The Need for Fiber-Optic Maintenance in Broadcast

April 30, 2015

With the presence of fiber optic cabling reaching almost every market, the need for proper maintenance has become a critical factor. If you are connecting a piece of equipment to a fiber optic cable that will likely never be removed (assuming both ends are clean to start) you probably have little to worry about. But in the broadcast world, cables are patched and un-patched multiple times each day (especially in a mobile truck at a live sporting event). The need for proper fiber optic contact maintenance -- cleaning & inspection -- is crucial to the integrity of the data being passed.

Every time you take the cap off of a fiber optic connector, you are potentially contaminating the system. Damage can be done to the contacts if dust, dirt or debris gets onto the face of the contacts. Then each time the cable is patched, it gets impacted between the contacts. Over time, this will begin to deepen and enlarge. The contacts can also become scratched and affect the performance. You will notice more “loss” until the signal reaches the digital cliff, the point at which no signal is able to pass. Engineers need to be able to quickly troubleshoot the line. This may cost even more time and money, especially if the signal is being aired. Maintaining a clean fiber optic data path will make it much easier to troubleshoot if anything does go wrong.

There are many types of cleaning kits on the market that you can purchase to keep your system running smoothly. The most economical and effective way is to use the wet/dry method of cleaning. All you need is a package of lint free medical grade swabs, 91% Isopropyl alcohol, and an inspection scope. Sure, there are some expensive kits out there, but others just prefer the simple “pen” type that has a small reel of dry, lint-free cloth moving over the contact.
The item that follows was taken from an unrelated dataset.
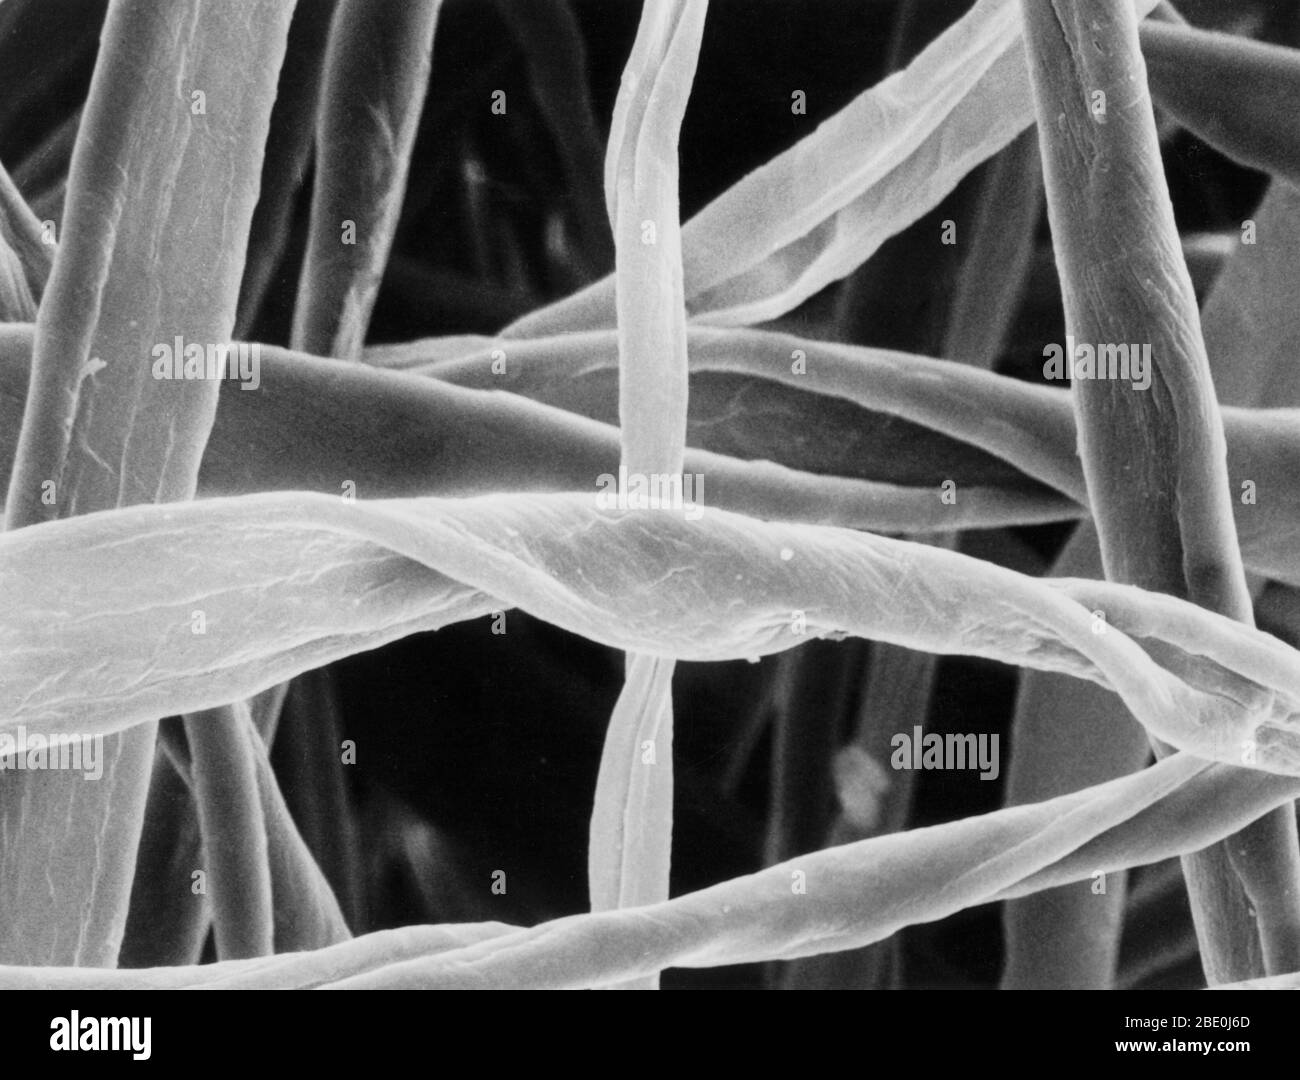 Cotton swab fibers views under a scanning electron microscope. The individual twisted strands are fibers of cotton that comprise the soft, absorbent tip of the typical cotton swab. Each of the fibers seen in this photo is approximately 15 microns. (2000x magnification). Stock Photo

At least 1 person on your staff should be properly trained to clean and maintain the fiber system. The most common types of fiber connectors are ST, LC and SC. Also, there are SMPTE connectors that are used on HD cameras that require an alignment/removal tool that allows you to gain access to the contacts. The last thing you need are 5 different people running around “cleaning” while they create more damage and loss for the system. Just like regularly changing the air filter in your car, a cleaning and inspection program should be a part of your fiber optic infrastructure maintenance plan.